I’ll be sharing some of the cool stuff I’ve learned in future posts. No time right now, though — I’ve got a huge project that just went sideways due to technological glitches.
Actually, it’s worse than going sideways. More like jumping off the track, rolling over into a ditch, and disappearing in quicksand.
We’ll get it fixed, but blood, sweat and tears are required. My sleeves are already rolled up. Let the technological exorcism begin.
Here’s one fast tidbit: Email, as marketers have known and loved it, is forever gone as a simple, easy, no-hassle way to contact prospects.
Spam filters are gobbling up emails from your grandmother, and joints like AOL are now armed camps, suspicious of everything and shooting first while asking questions later.
Michel Fortin (one of the speakers at the seminar) has done more real-world testing on this newly-evolving problem than anyone else I know.

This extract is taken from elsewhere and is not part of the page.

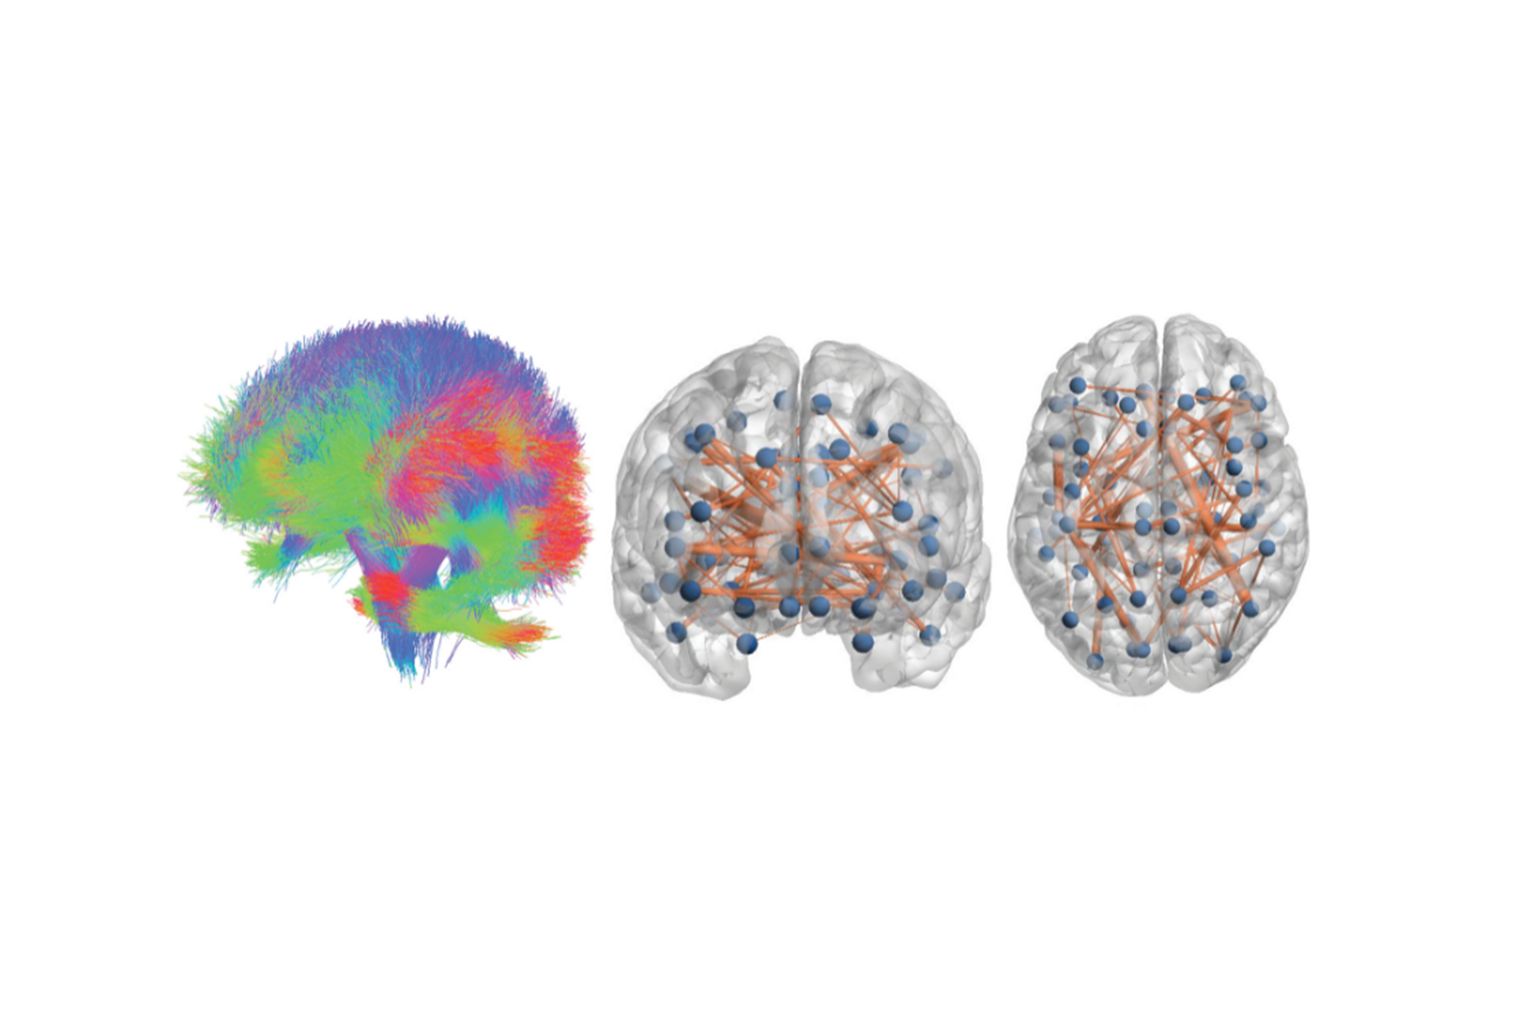 Personalised Brain Models Improve Clinical Prediction In Multiple Sclerosis

His answer: Use short — VERY short — non-html emails that lead to a link within the first paragraph.
I’ve used this tactic before, just because I loved the “tease” element of leaving a sentence unfinished. (“What’s the answer to this burning question? That’s easy. It’s… “)

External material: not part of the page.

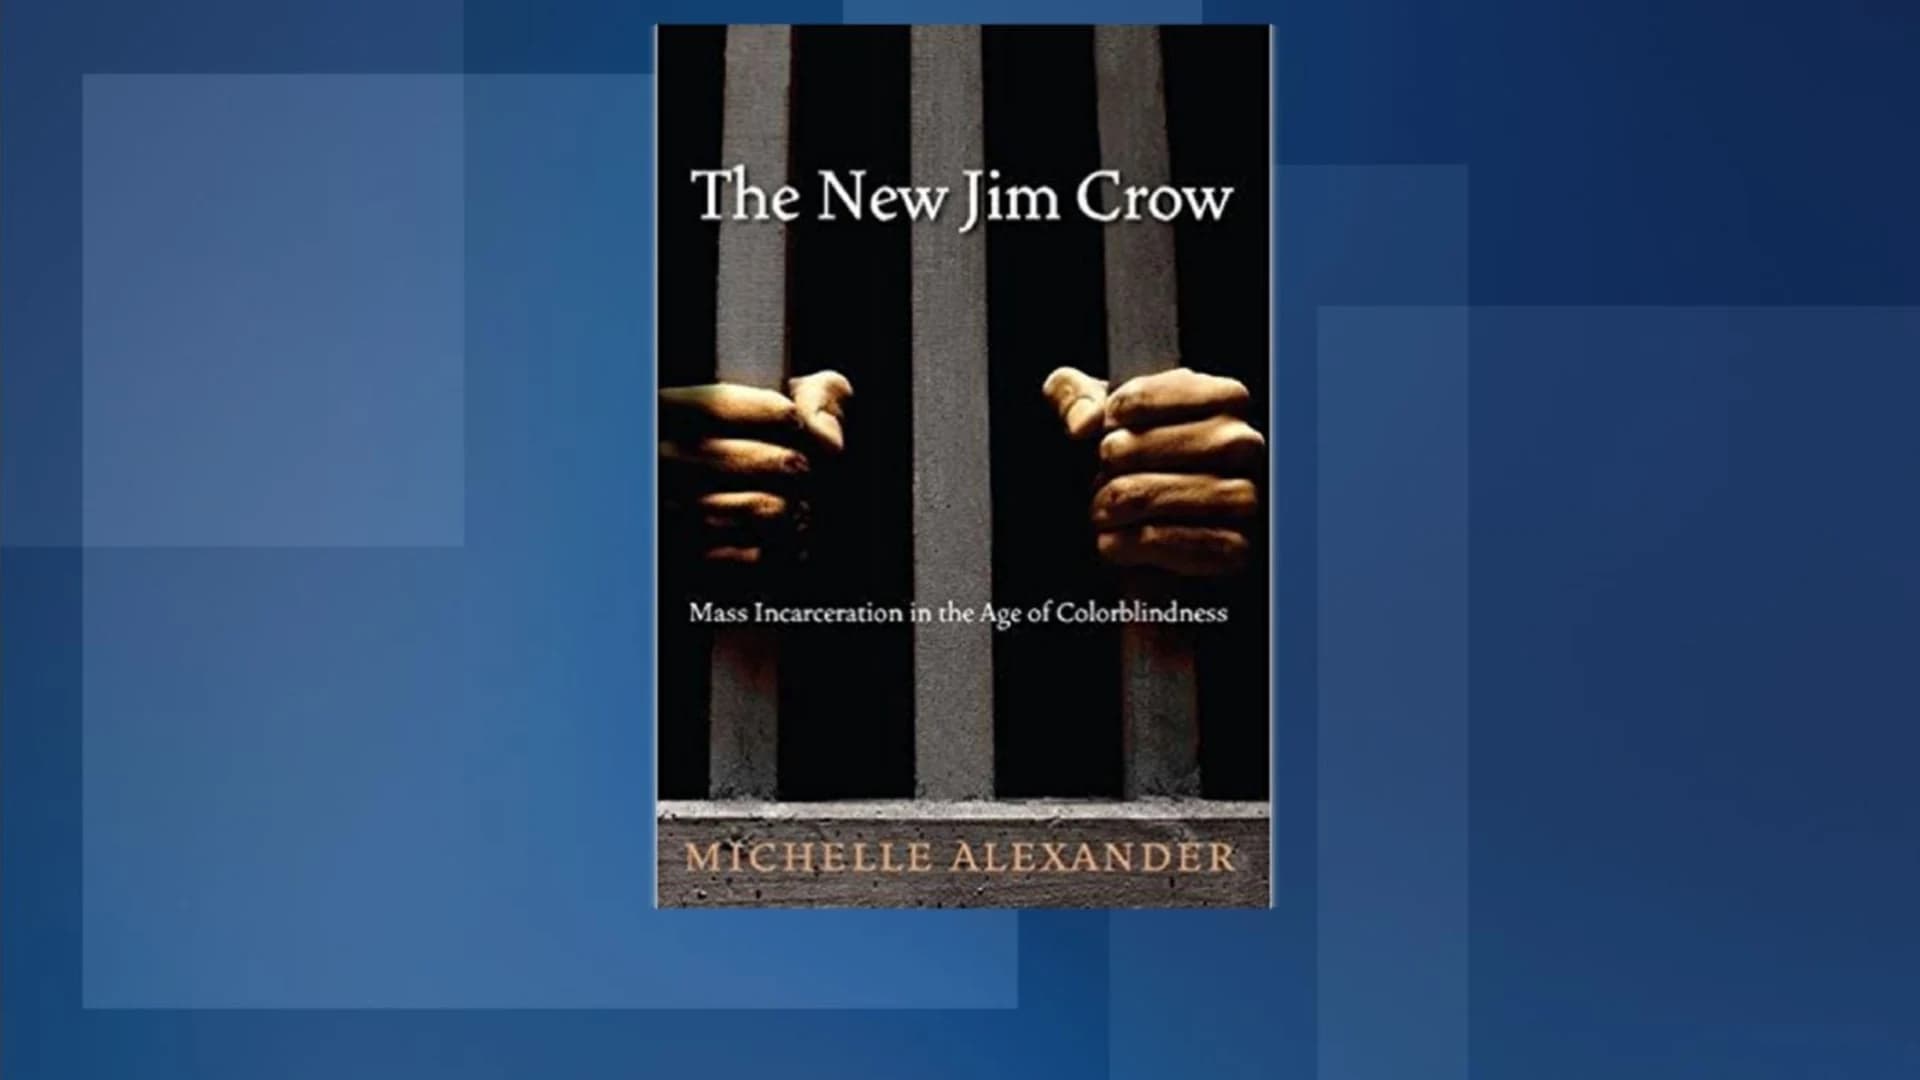 Ban on mass incarceration book lifted at 2 New Jersey jails

Plus, when I write a pitch, I do not want to be hampered by the limitations of email — there are design issues, length issues, “taboo” word issues, yadda yadda yadda. Screw that.
Once you’ve sent your prospect to your link, you can warble on to your heart’s content.

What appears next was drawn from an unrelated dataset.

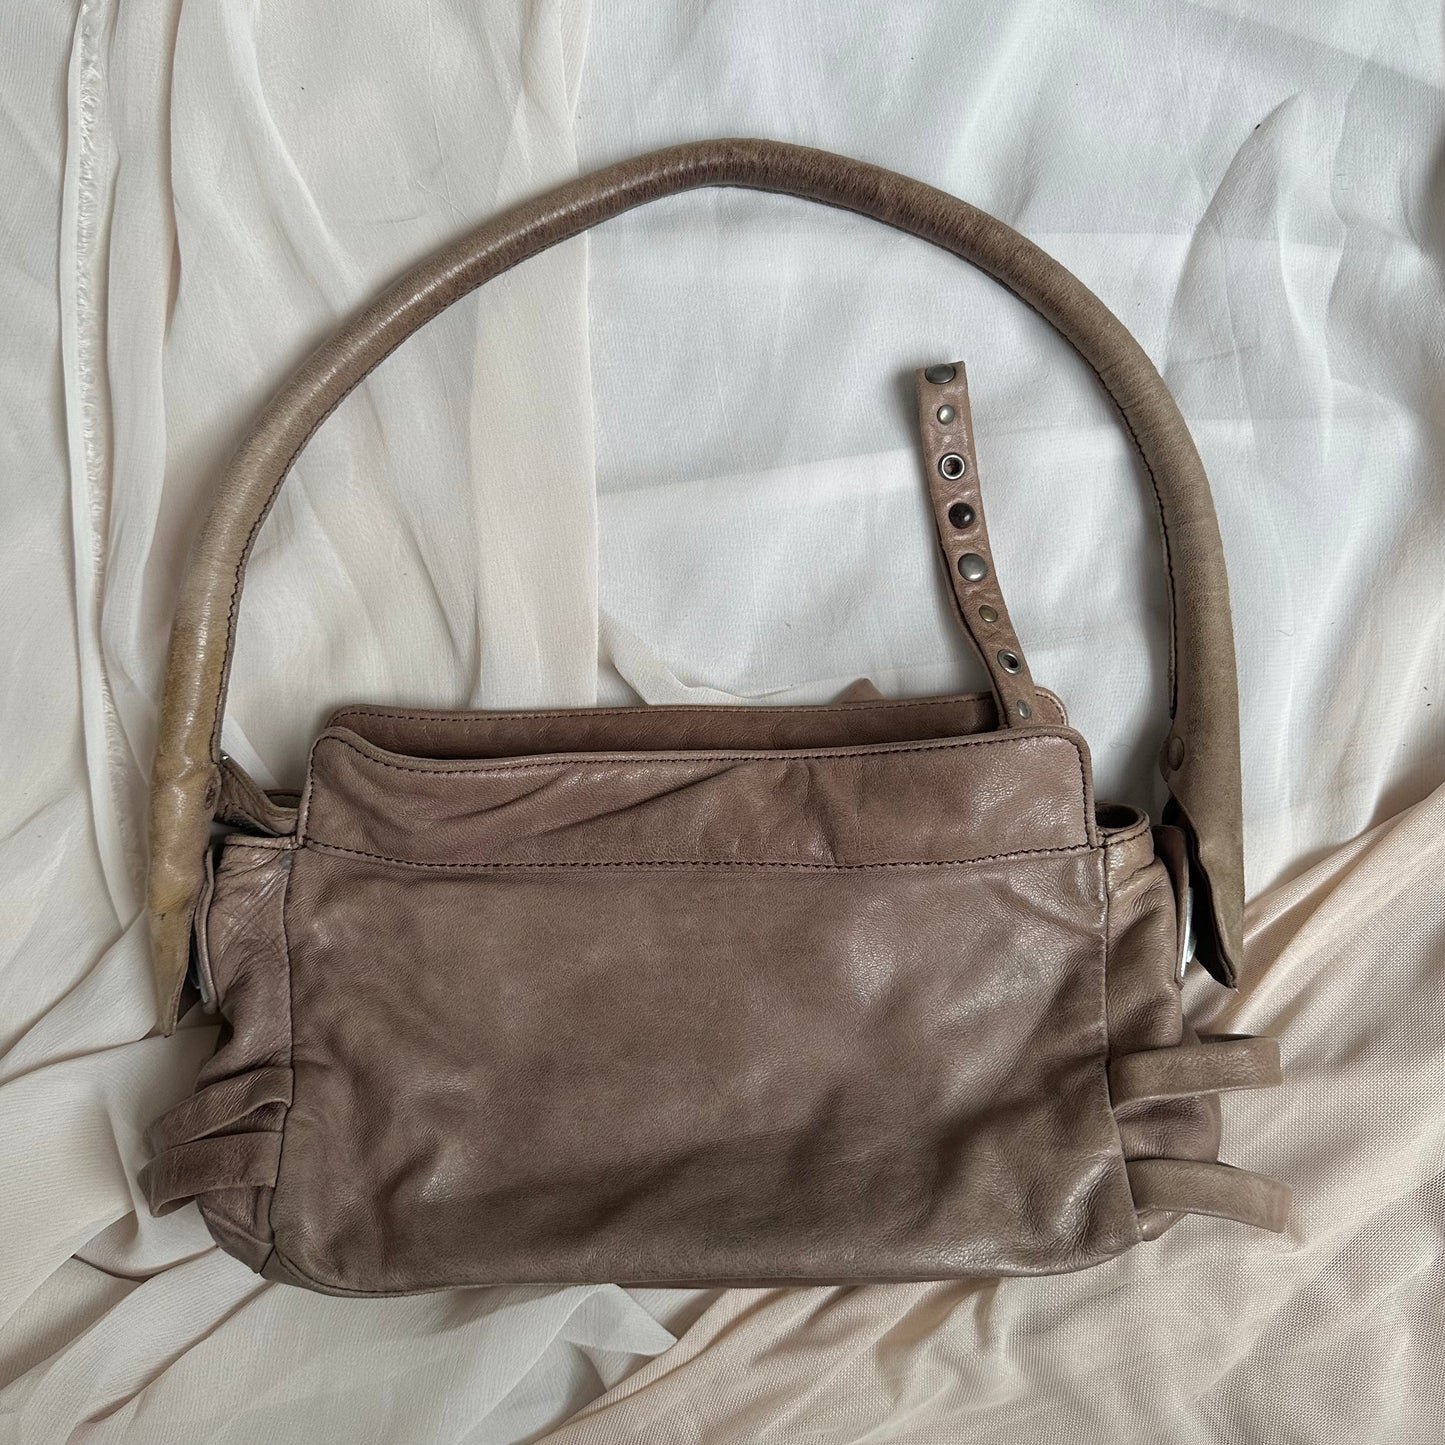 MODULAR LEATHER SHOULDER BAG IN PALE TAUPE by Diesel

Simple tactic. But it can ameliorate some of the pain if you’ve seen dramatic drops in response to emailed sales messages. (As almost all marketers have recently.) The real problem, of course, is getting white listed on the major email systems, like hotmail and AOL, and they’re just being bastards about large campaigns. Even mailers who follow all the rules (including providing double-proof of opt-in names) are getting blacklisted.
The Web — it’s an ever-evolving funhouse of horrors.
My friend Harlan has done great research on this problem, and I’ll have more to say about it when I get back.
Okay, I gotta go. I may post again, even from Vegas. There’s something urgent and important going on that few people have a clue about right now… and I want to be one of the first to blow the cover off it.
It’s hot stuff. The money at stake is just ridiculous, too.